When I left my last job in what is euphemistically termed ‘academia’, a colleague who was similarly frustrated in her attempts to educate students in language skills wanted to have a leaving gift for me engraved with lines from ‘The Merchant of Venice’, where Portia says:
How far that little candle sheds his beams!
So shines a good deed in a naughty world.

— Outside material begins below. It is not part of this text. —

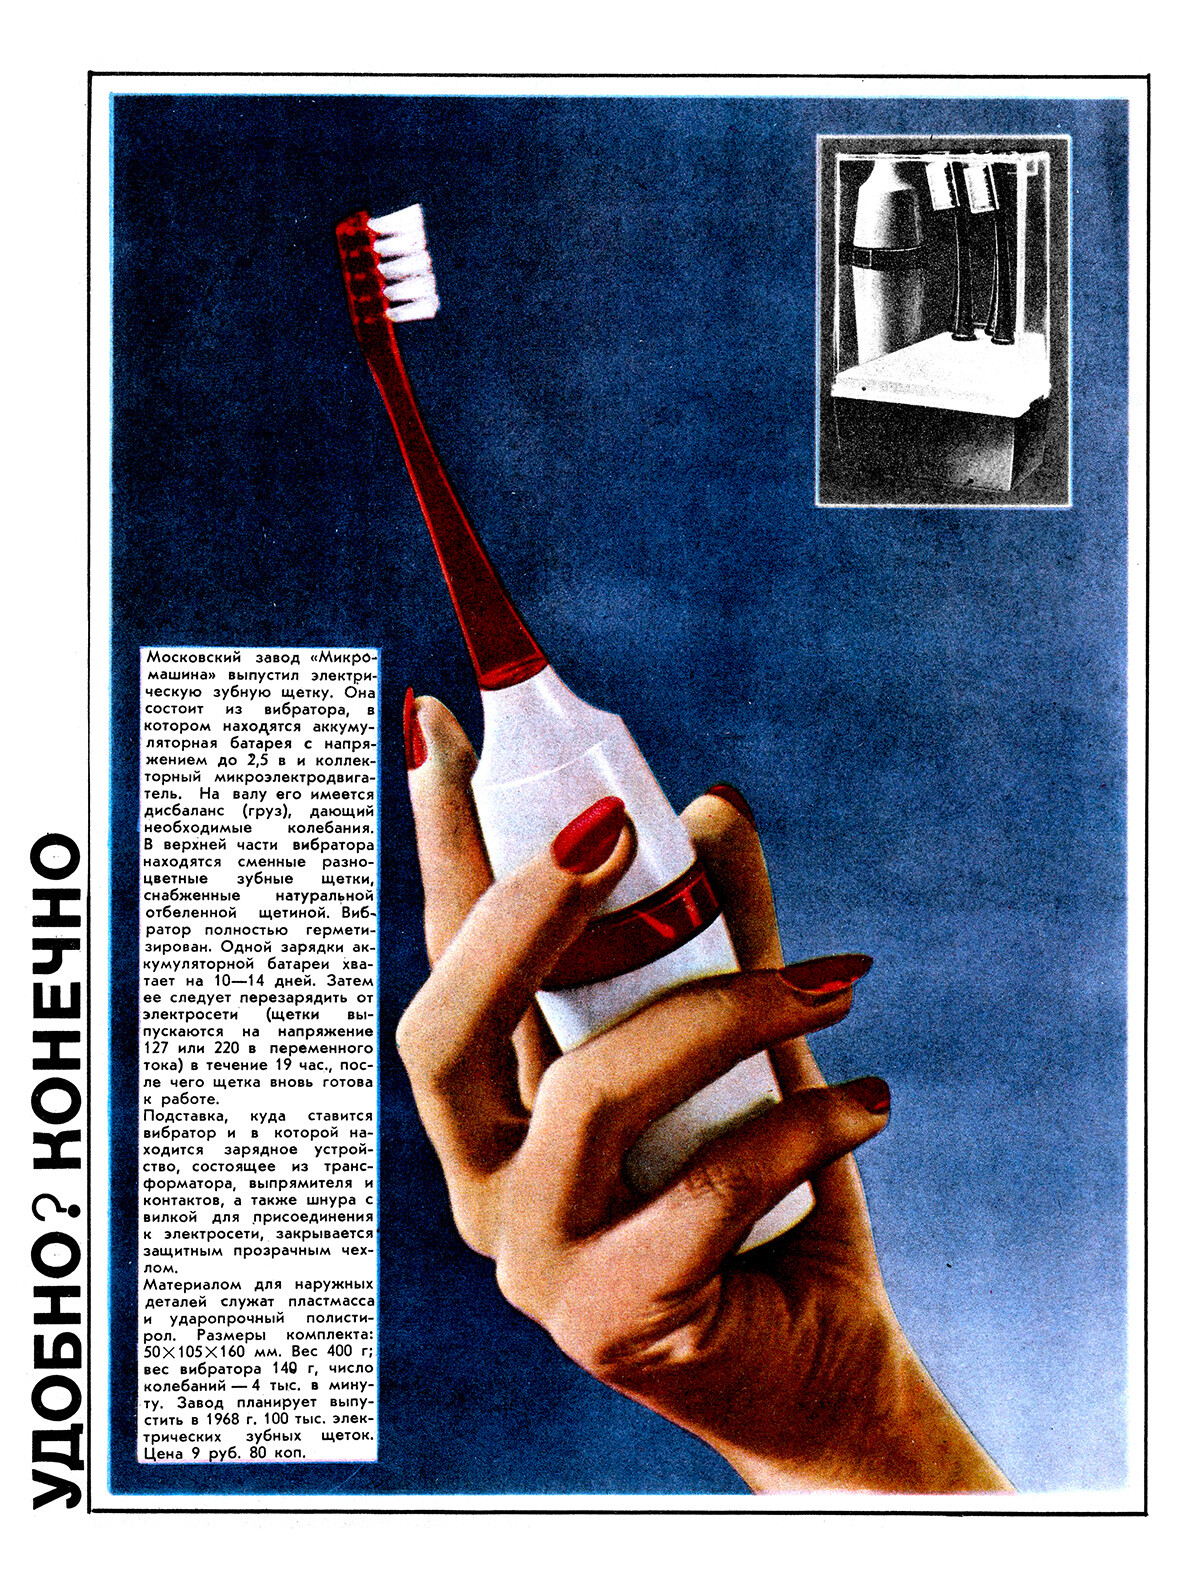 Publicité pour une brosse à dents électrique de 1968

The engraver, a youngish chap, could not cope with ‘his’ beams, not realising this was a survival from when English had gendered nouns, and insisted the quote should be: ‘throws it’s (sic) beams’. When my friend remonstrated with him, he exclaimed: ‘I must be right, ‘cos I did English at **** uni’, naming one of our more prestigious Scottish seats of learning. (Sic) transit gloria mundi?
Dr Mary Brown

It is so refreshing to read journalism (27 September) that reminds us that not everything was thought of, or invented, just last week. I remember Muggeridge. The prognostications and predictions from his rectorial address have long ago come to pass over here in western Canada, as well as in the UK. And as with the UK, there are no real questions about where it is all going. It’s a bit like ‘progress’. ‘Progress’ is good. Mindlessly so. Unquestionably and un-examinedly so. Just like, more is better, and bigger is better.
Michael Elcock

I’m not sure that Malcolm Muggeridge is remembered by as few people as Kenneth Roy thinks. In fact, I have spotted three references to him (not counting Kenneth’s) in the last few weeks. First, in David Torrance’s edited edition of ‘Great Scottish Speeches’ (recently republished in paperback by Luath Press) which contains a decent chunk of the Edinburgh University farewell speech that Kenneth refers to.

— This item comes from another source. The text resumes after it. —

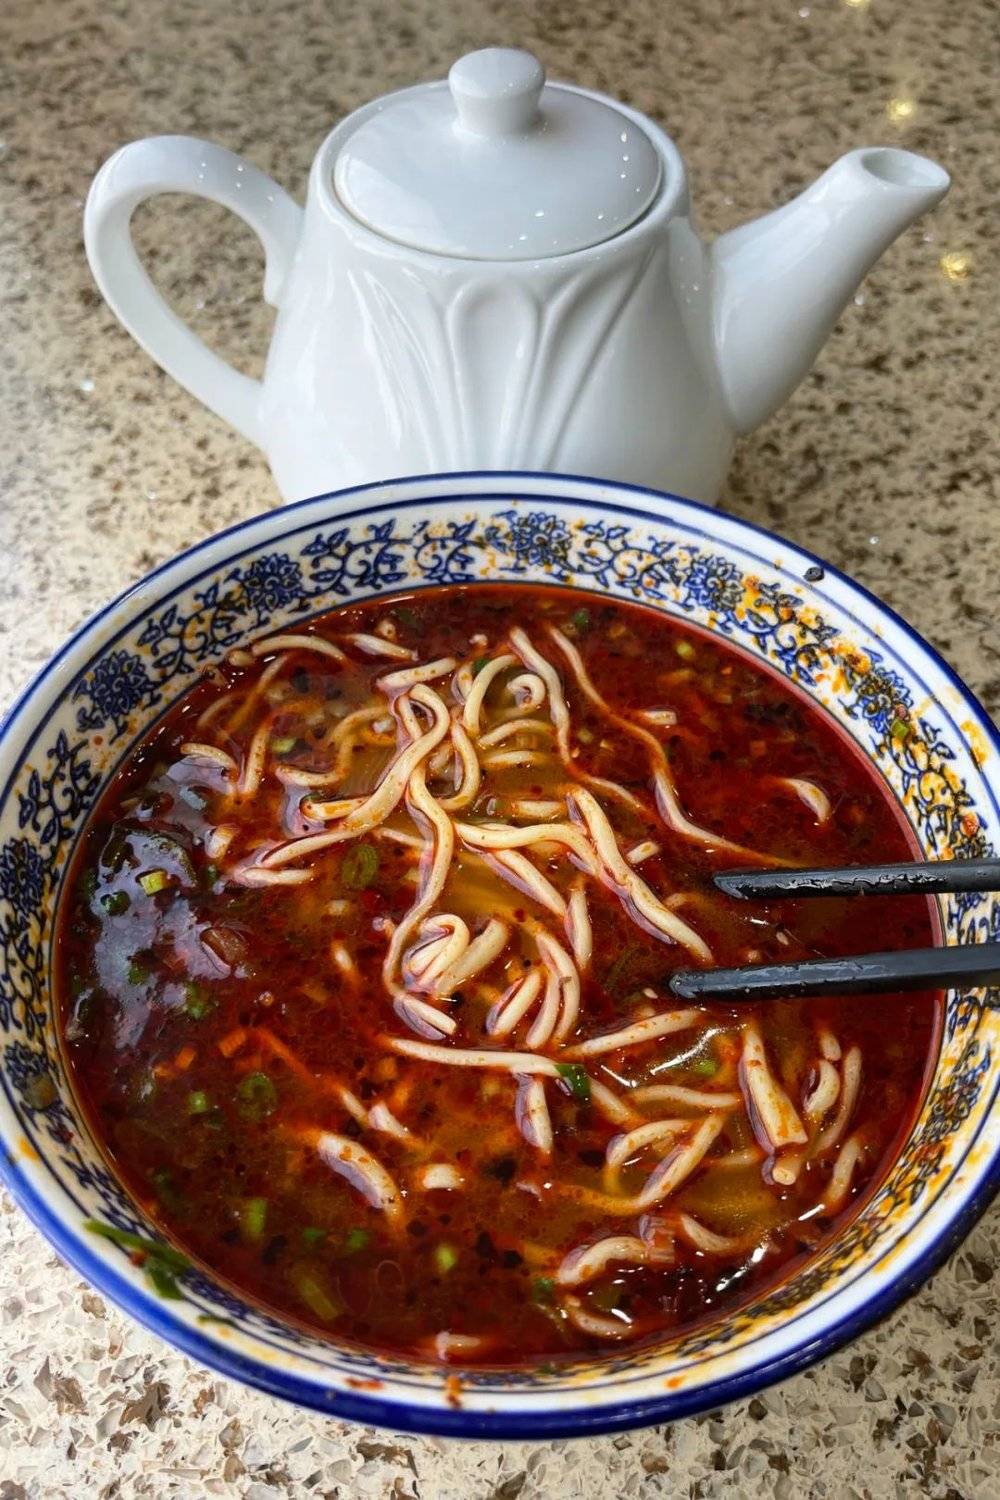 兰州人喜欢吃完面再放醋，因为好汤是会发生化学反应的，汤会是甜的，不酸。摄影/砍柴书生

Second, a national newspaper review of the film ‘The Campaign’ citing Muggeridge’s resignation from the editorship of ‘Punch’ in 1957 because public life was beyond satire.
And third, at this year’s Edinburgh International Book Festival session with John Calder and Jim Haynes who organised the 1962 writers’ conference in Edinburgh. Muggeridge was to be the permanent chair at the conference but left because, in Haynes’s words, ‘Sonia Orwell said no’. Muggeridge was a prophet of sorts, but I doubt even he predicted that six years after propositioning Sonia he would be slaying the Edinburgh University students for demanding ‘the resort of any old slobbering debauchee anywhere in the world at any time…Dope and Bed’.
Harry McGrath
Kenneth Roy’s reference to Keith Waterhouse, the death bed of the apostrophe, and Egg’s Benedict reminds me of what I have always considered an unbeatable example of the curse – spotted by a friend outside an Edinburgh cafe; it read, Various’ Ice’s’ – three apostrophic mistakes in two words surely deserves to be graven in the hardest quartz.
Dave Harvie
I received a spam today with the heading: ‘Now you can receive a degree much more easier’ and thought this might amuse Kenneth Roy following his piece on Megan’s teacher.